On Mon, Apr 04, 2011 at 04:18:00PM -0600, Alberto Trevi?o wrote:
> On Monday, April 04, 2011 3:02:19 PM Jeff Anderson wrote:
> > Hello,
> > 
> > This question is frequently posed by those new to Linux: "Where has all
> > my ram gone?!"
> > 
> > The answer is disk caching!
> > 
> > I'd like to do some testing where I'll be firing up about 7 virtual
> > machines on my workstation. I'm using qemu+kvm, which does a good job
> > about not grabbing ram until it is used. That way, I can fire up 7 VMs,
> > each allowed to use up to 512 MB of ram. I'm still below my actual
> > physical ram capacity of 4GB, but I'd like to still have use of any ram
> > that I can on the host. As long as my VMs don't allocate any memory, I
> > should be fine. The disk caching feature of Linux will guarantee that
> > over time, with use, each VM will eventually make full use of the 512MB
> > of ram.
> 
> The idea of virtualization is to give your VMs as much memory as you would 
> like them to have. If your virtual server only needs about 100mb to run, 
> then you give the VM 128 MB of ram, not 512. Otherwise, as you have 
> mentioned, your host OS is going to eat up 512 MB one way or another.
> 
> > If I'm overlooking another feature of qemu-kvm that'd make my life
> > easier, I'd love to know about it. I do believe that since each VM is
> > running the same version of Linux, that kvm can do some shared memory
> > magic, but I don't know if I have to explicitly request that feature.
> 
> The proper solution to your problem is the Memory Balloon driver. It is a 
> fake driver that sits in your VM which, under memory crunch from the host, 
> will begin to consume memory in your VM to give it back to the host. This 
> sounds kind of weird, but it does exactly what you want. Let's say your VM 
> has 512 MB of memory, but only using 100 MB for applications. The balloon 
> driver, when signaled by the host, will begin to use up memory.
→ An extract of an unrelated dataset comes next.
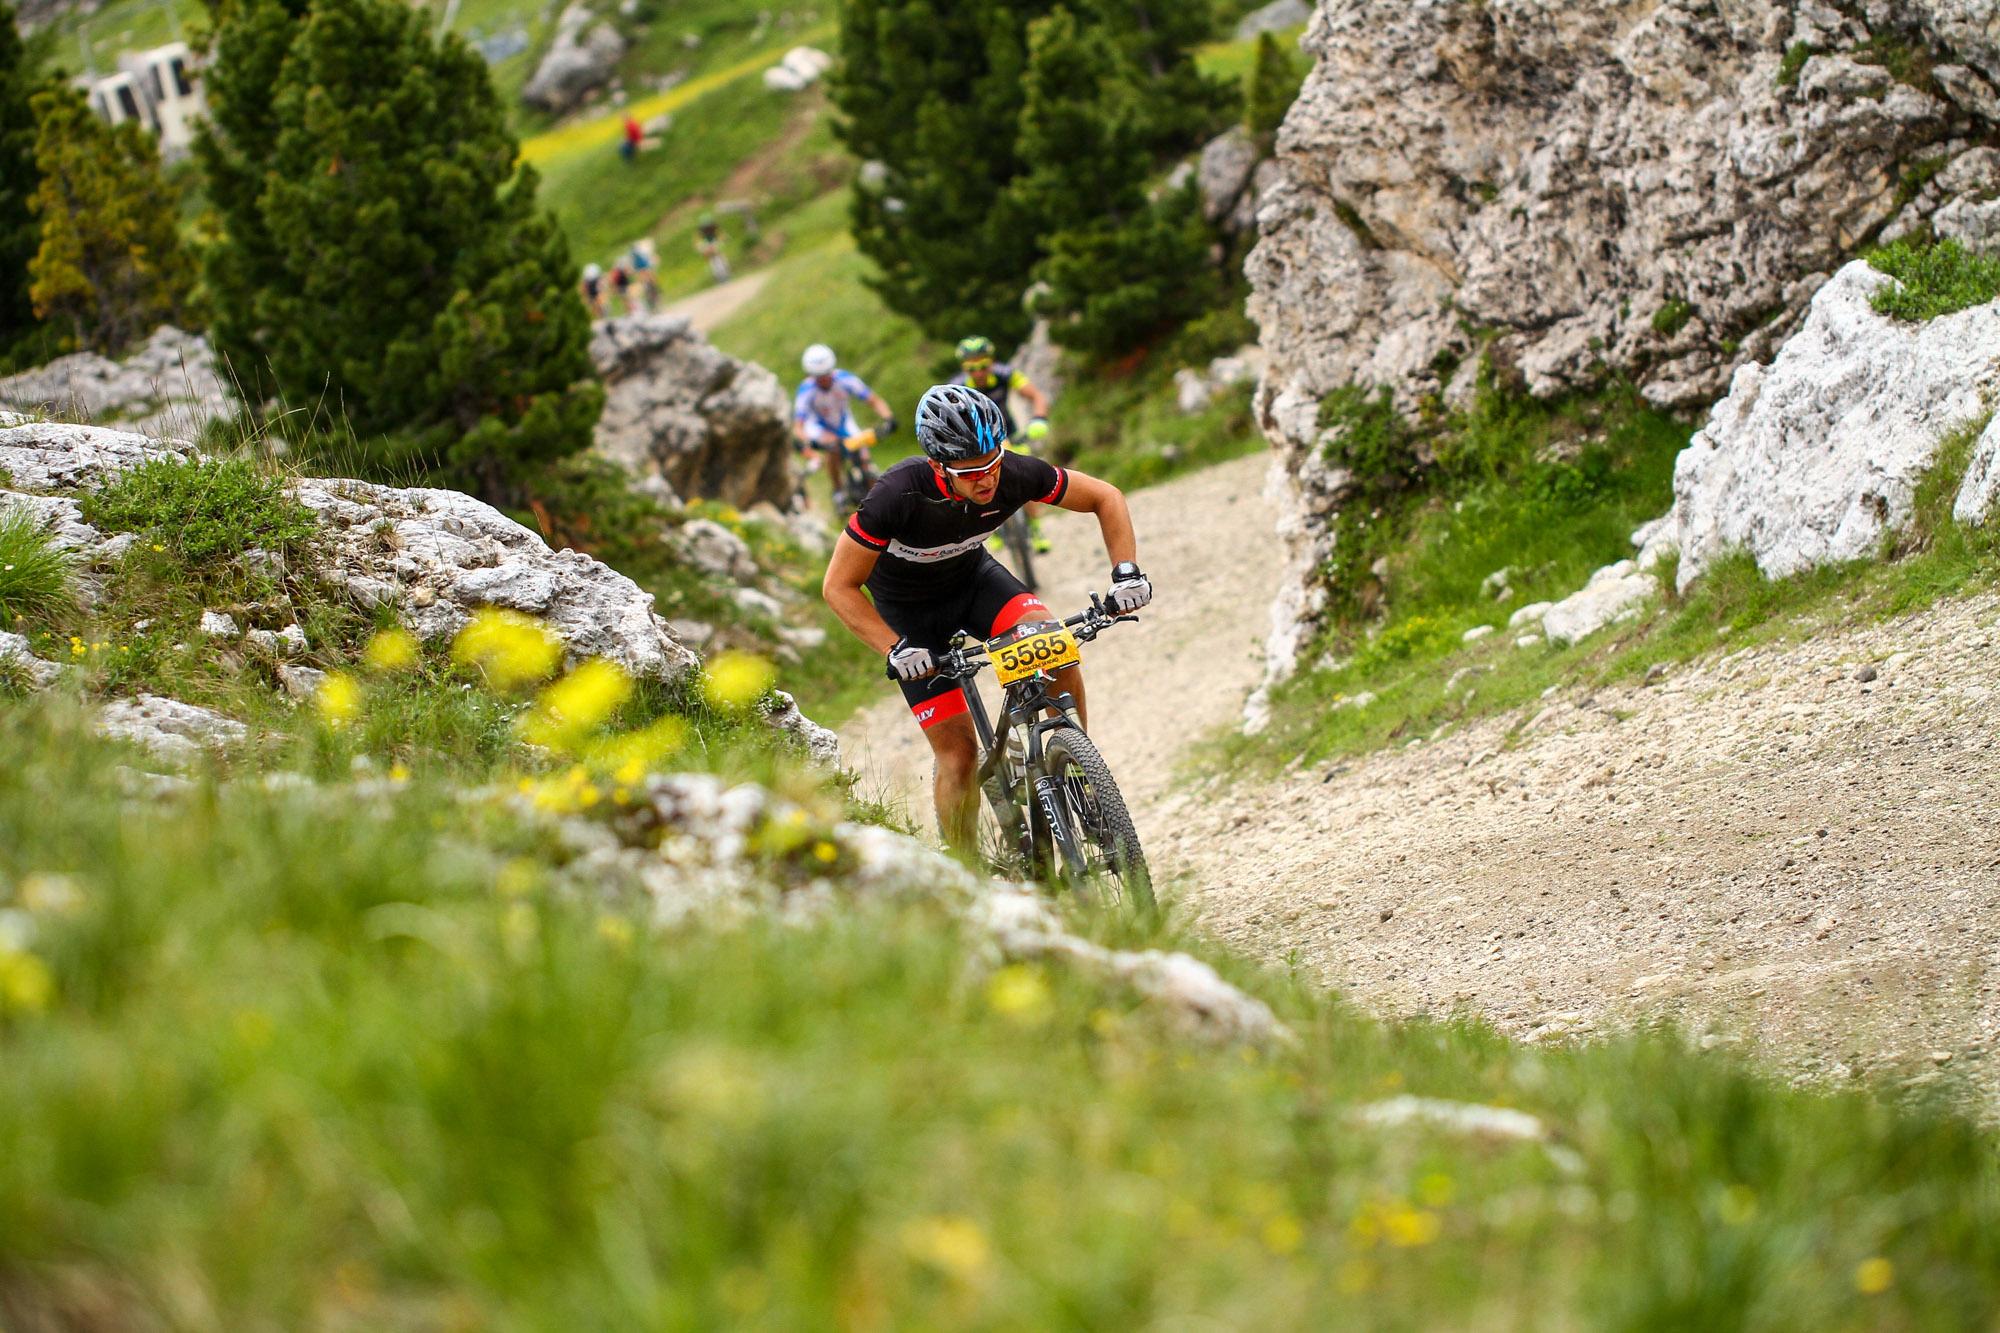 Eine Gruppe von Mountainbikern fährt steil den Berg hoch.

Let's say it 
> grows to 380 MB. In your VM, your memory usage will be 100 MB for system and 
> apps, 380 MB for the balloon, with the remaining 32 MB for cache (ignore 
> swap for now). But, what your hosts sees is a VM with 132 MB of memory being 
> used. Tada!
> 
> The "shared memory magic" is called KSM which will merge similar pages 
> together when using the same version of the OS for more than one VM. Let's 
> say, in theory, you have two VMs that were created from the same template. 
> Everything is the same, except for the configuration. Let's say each VM uses 
> 100MB at startup. KSM will begin to look for identical pages and merge them 
> so that instead of using 200 MB for 2 VMs, you only use 120 MB for both: 80 
> MB in common plus 20 MB of unique pages in each VM (80 + 2 * 20). If you 
> fire up another VM just like the other two, your memory usage may only go up 
> to 140 MB (80 + 3 * 20). This is all in theory of course, and your mileage 
> will vary. (The same with the balloon driver).
> 
> I hope this helps.

Thanks for the clarification! I'd read about the existence of the ballooning,
but I didn't really understand what it did or how it worked. qemu-kvm doesn't
seem to have a method to automatically handle ballooning, but it should be
fairly easy to script since I'm running the qemu monitory on a unix socket.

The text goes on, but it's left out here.